:: Activity ::
Reproduce exactly the line with "Park-Düsseldorf Holthausen" and every line that follows it below, up to and including the last one. Do not include pictures or anything else.

:: Provided material ::
......

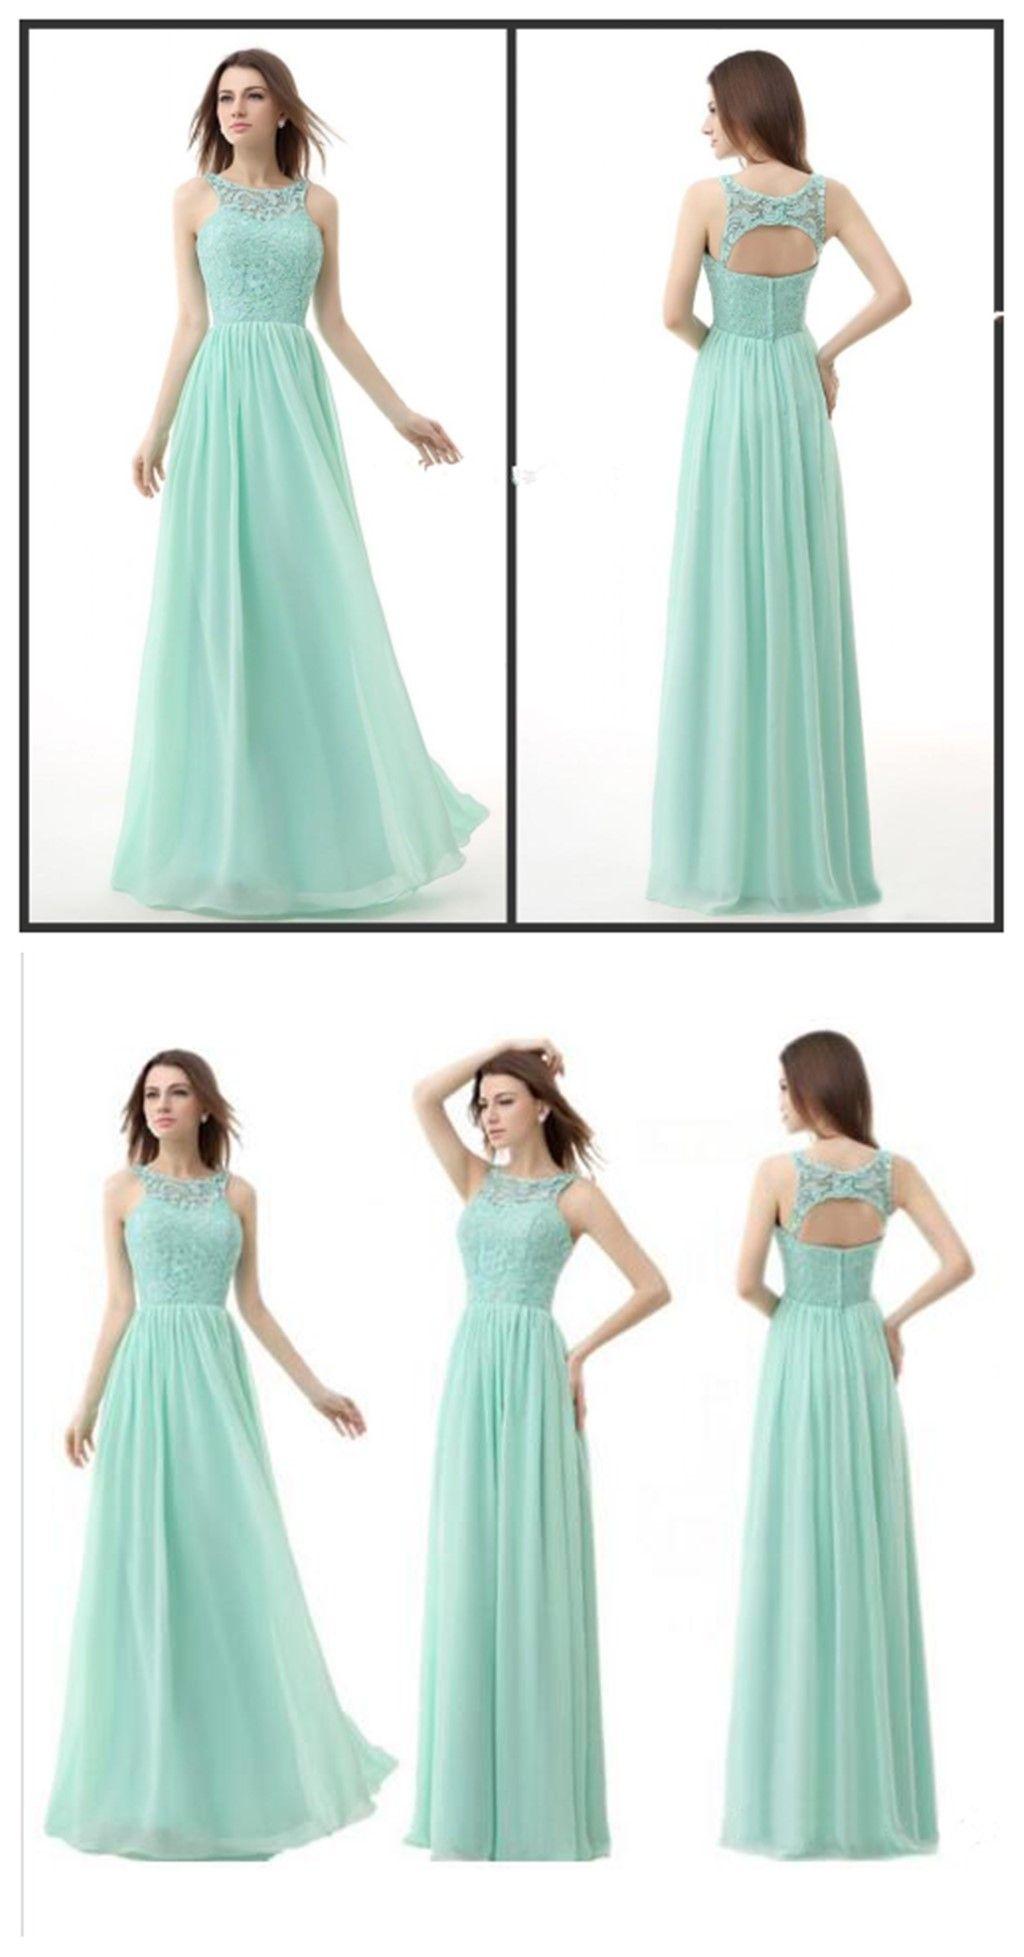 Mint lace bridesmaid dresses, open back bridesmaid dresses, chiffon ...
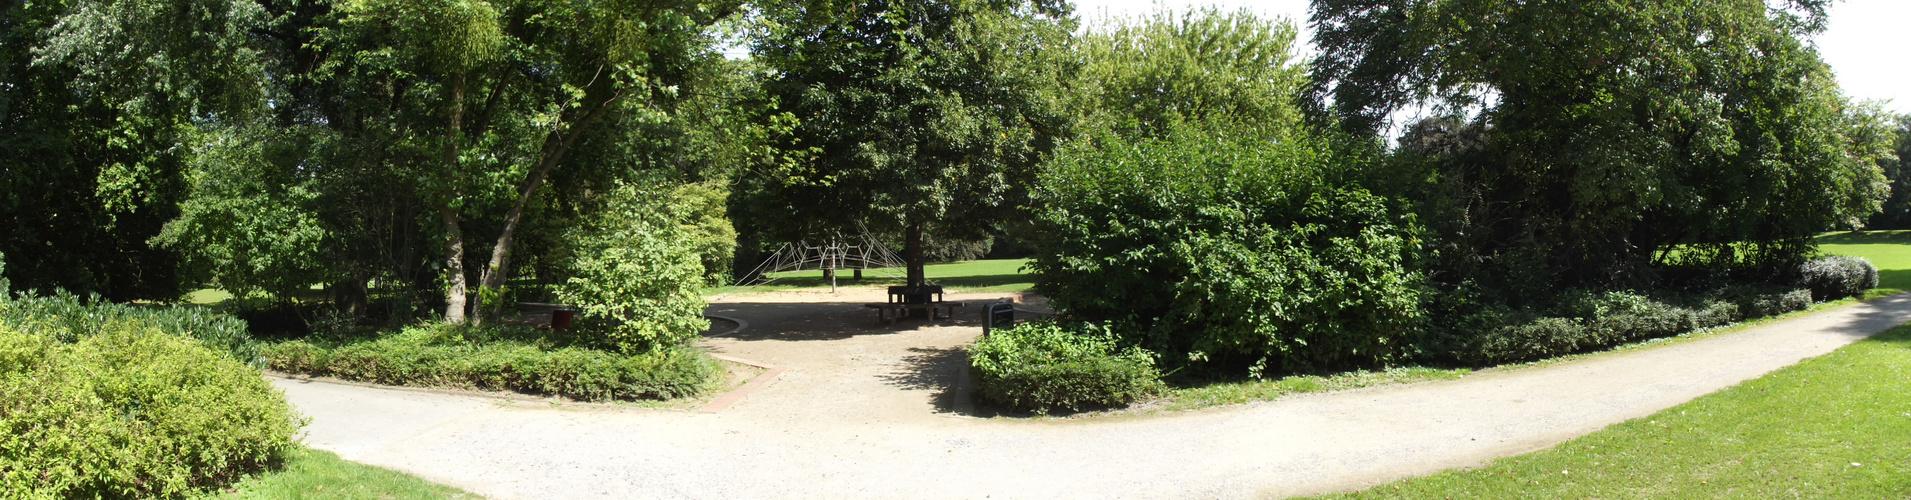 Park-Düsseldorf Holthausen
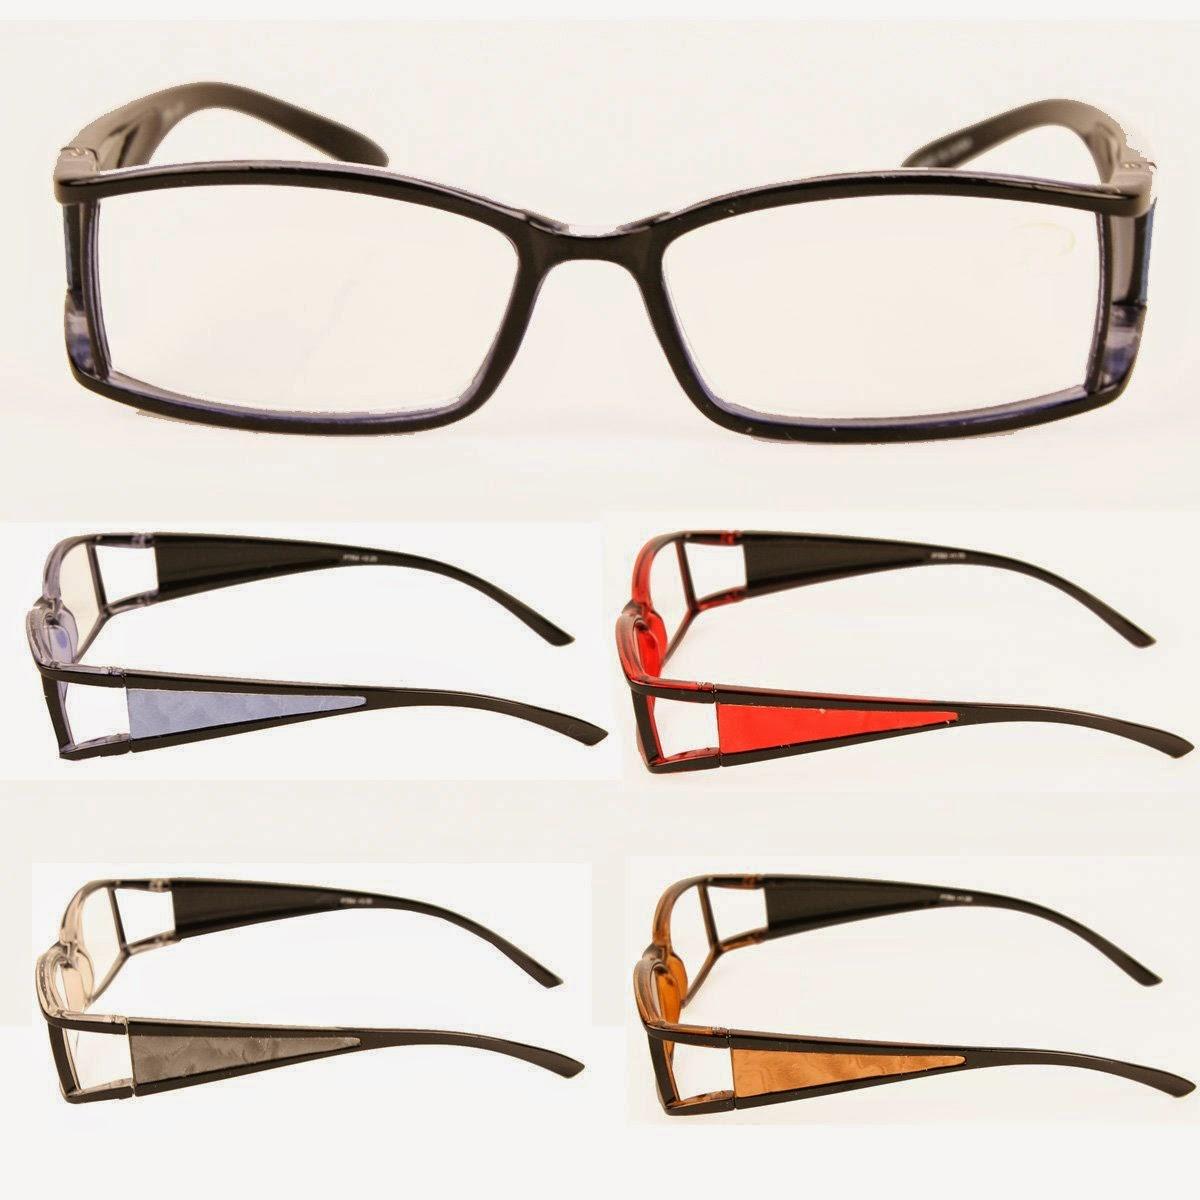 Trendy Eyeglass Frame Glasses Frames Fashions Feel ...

......

:: Finished task ::
 Park-Düsseldorf Holthausen
 Trendy Eyeglass Frame Glasses Frames Fashions Feel ...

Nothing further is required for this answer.